Minimally Invasive Stabilization Versus Open Surgery for Spinal Metastases: A Retrospective Study Utilizing Propensity Score Matching and Weighting Sensitivity Analyses
Kamil Krystkiewicz, Aleksander Kowal, Agata Krajniak, Łukasz Kuncman, Marcin Tosik

TL;DR
This study compares minimally invasive and open spinal surgery for cancer patients, finding fewer wound issues with the minimally invasive approach.
Contribution
The study provides comparative evidence on wound-related outcomes between minimally invasive and open spinal stabilization for metastases.
Findings
Minimally invasive surgery had lower wound-healing disorder rates compared to open surgery.
Open surgery was associated with higher rates of surgical site infections.

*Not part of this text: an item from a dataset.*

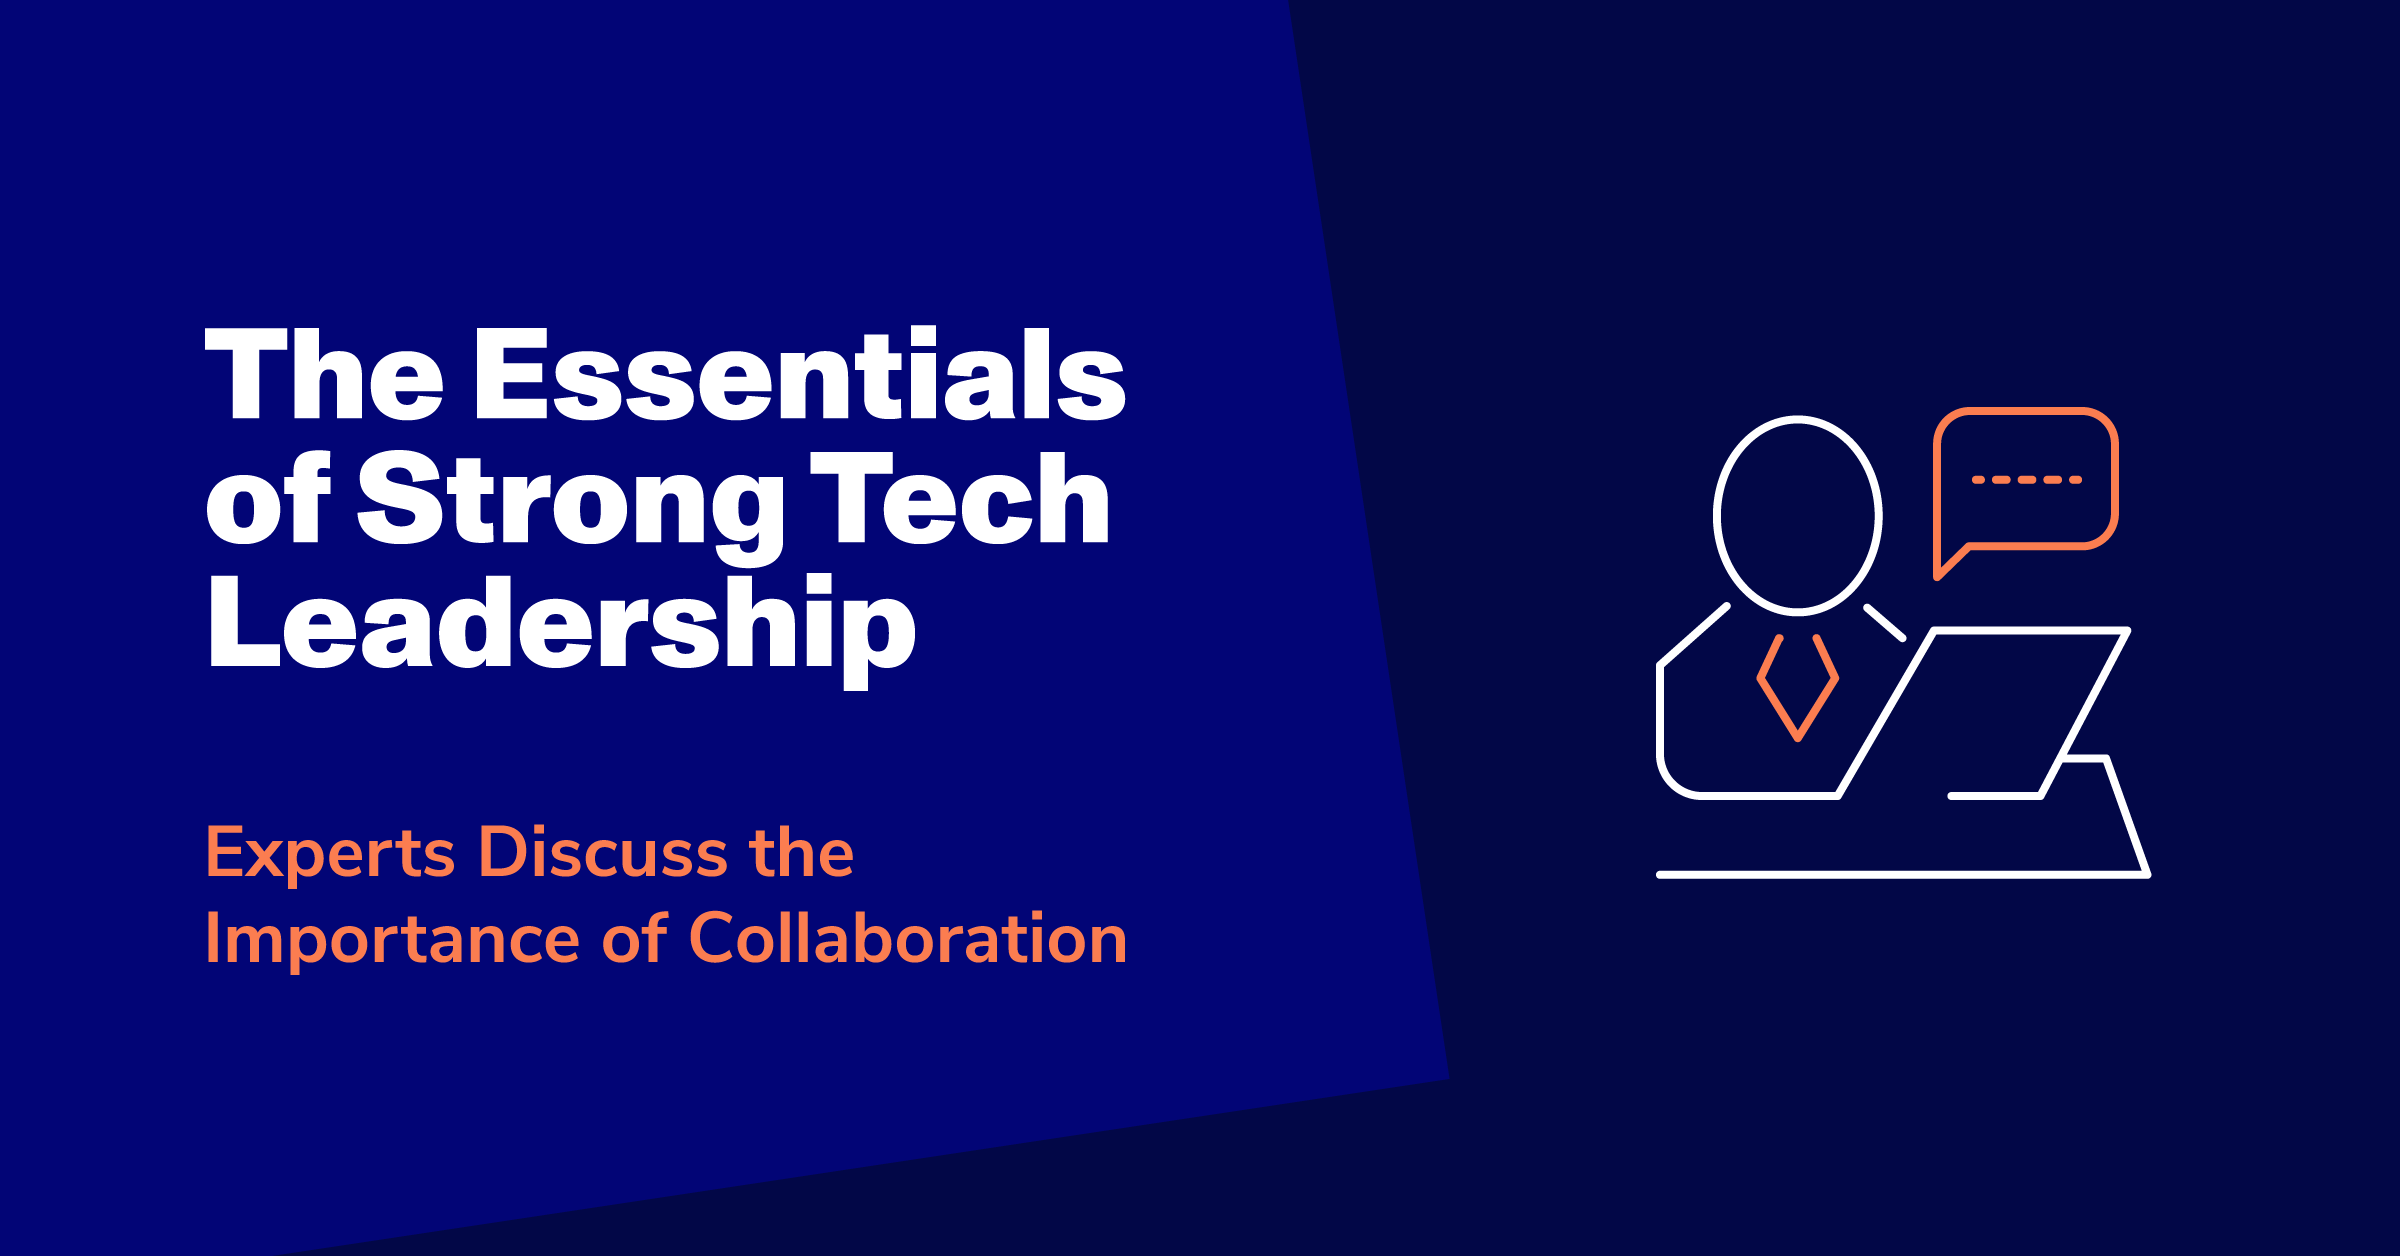 The Essentials of Strong Tech Leadership: Experts Discuss the Importance of Collaboration

Estimated blood loss was similar between the two surgical approaches.
Abstract
Background: Minimally invasive spinal stabilization (MISS) is increasingly used in metastatic spine surgery, but comparative evidence vs. open posterior stabilization (OPEN) remains limited. We compared perioperative outcomes, focusing on wound-related morbidity. Methods: This retrospective single-center cohort included 71 patients undergoing posterior stabilization for spinal metastases (MISS n = 45; OPEN n = 26). Wound-healing disorder was the primary endpoint. Groups were compared using nonparametric exact tests; adjusted and propensity score analyses were performed to assess robustness. Results: Baseline SINS, operated segment, and instrumented levels were comparable. BMI was higher in MISS (25.8 [24.0–29.7] vs. 22.1 [20.0–24.9] kg/m2; p = 0.001), and urgent admissions were more frequent in OPEN (42.3% vs. 11.1%; p = 0.006). Wound-healing disorders occurred in 6.7% (3/45) of the…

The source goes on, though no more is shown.